Звук его голоса ржавой пилой пилил мне лобную кость. Детки или не детки, они всегда выбирали, что им выгодней. Я застонал и прикрыл глаза, прикидываясь, что снова теряю сознание. Мне требовалось хоть сколько-то минут, чтоб осознать, где мы и что с нами стряслось, и прикинуть дальнейший план действий. Этот каменный подвал и два лба со стволами сужали набор возможностей до предела. Я был в плохом положении. Худшем, чем раньше, сколько-то минут, или часов, или суток назад, не знаю. Но я был. И я не мог позволить им ржать, как победителям, над нами. Я сжал зубы так, что у меня кровь из десен пошла, я по-новой ощутил ее вкус. Коротышка опять взялся за банку. Я выдержал новый полив, медленно приподнялся, опираясь руками о пол, и так же медленно встал. Зашатался. Меня реально шатало, но я и придуривался маленько, чтоб усыпить их бдительность. Я подгреб к Катьке на заплетающихся двоих. Она все так же смотрела вбок и вниз, и лицо у нее было какое-то стекшее вбок и вниз. Я вспомнил, как она светилась своей мордашкой в рыжем веночке, глазея на проходящую ментовскую публику, и ни одна живая душа тогда не могла бы предположить, что все нормальное так быстро и жутко закончится, а на его место явится ненормальное и застынет в таком вот виде, стекшее вниз и вбок.
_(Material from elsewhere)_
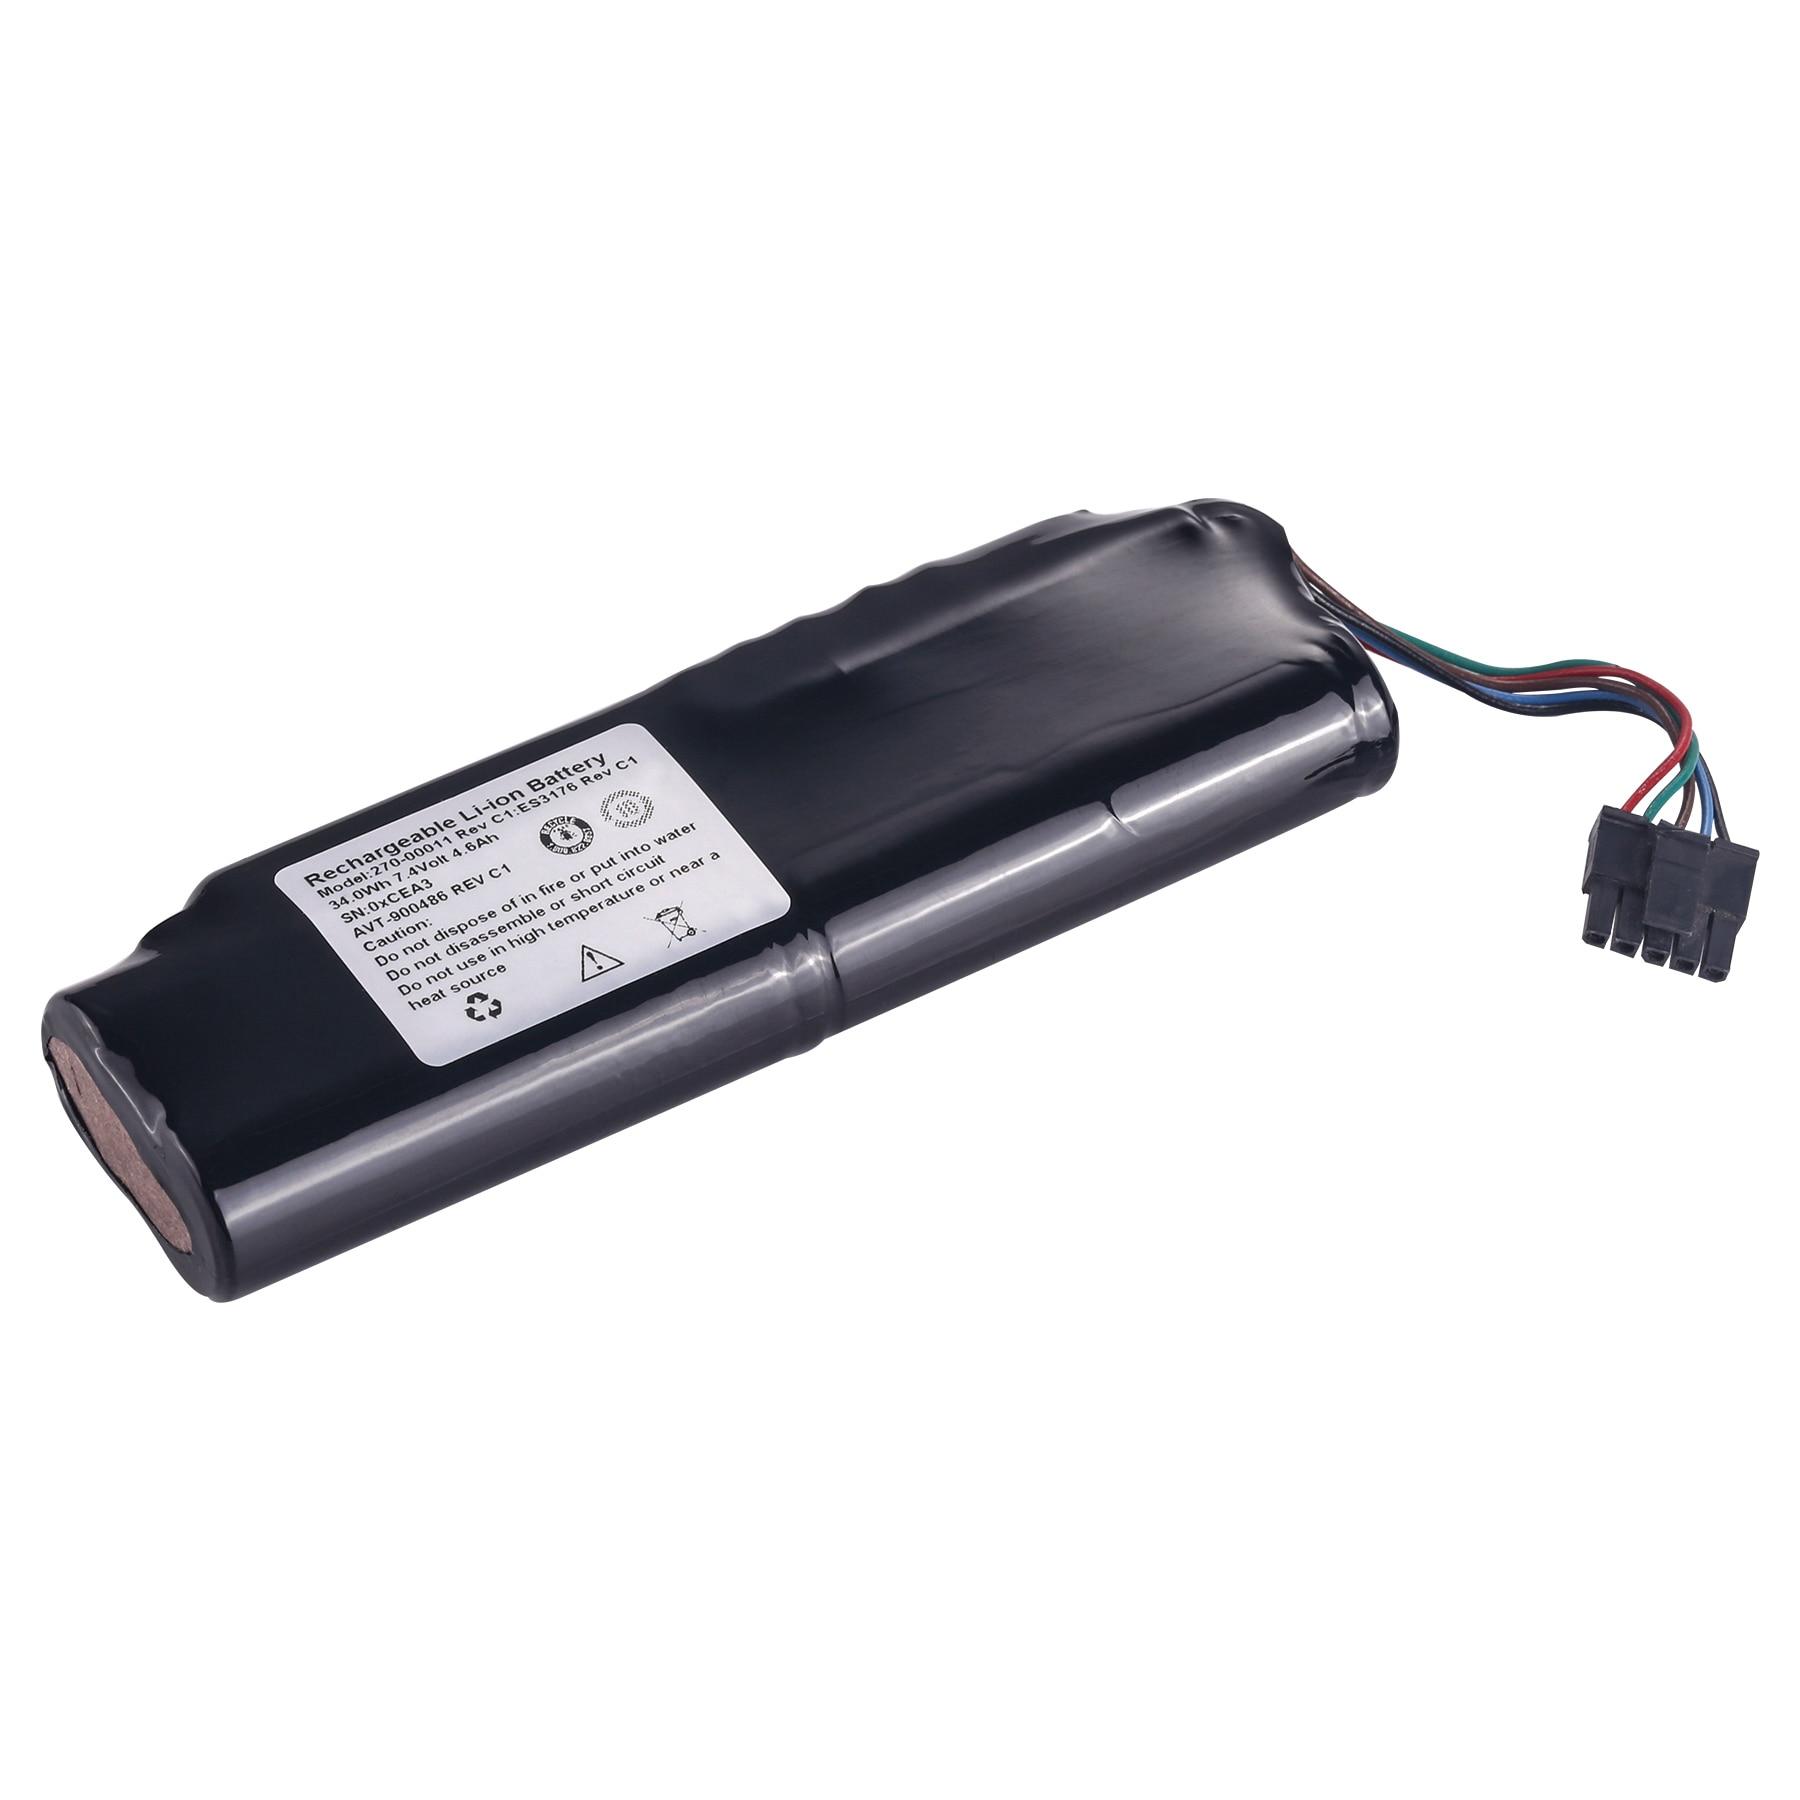 Novo Importado Células de Bateria Bateria Para IBM Netapp N3600 0X9B0D 0XC9F3 AVT-900486 N3600 FAS2050 C1 ES3176 271-00011 Rev bateria

Я протянул руку, чтоб помочь Катьке подняться. Она слабо оттолкнула меня и поднялась сама.
Я выхватил нож из кроссовочного ботинка, приставил к ее горлу и крикнул:
– Она заложница! Я взял ее в заложницы! Условие: срочно доставить сюда генерала Валентин Василича! Слыхали, подонки моржовые! Срочно!!!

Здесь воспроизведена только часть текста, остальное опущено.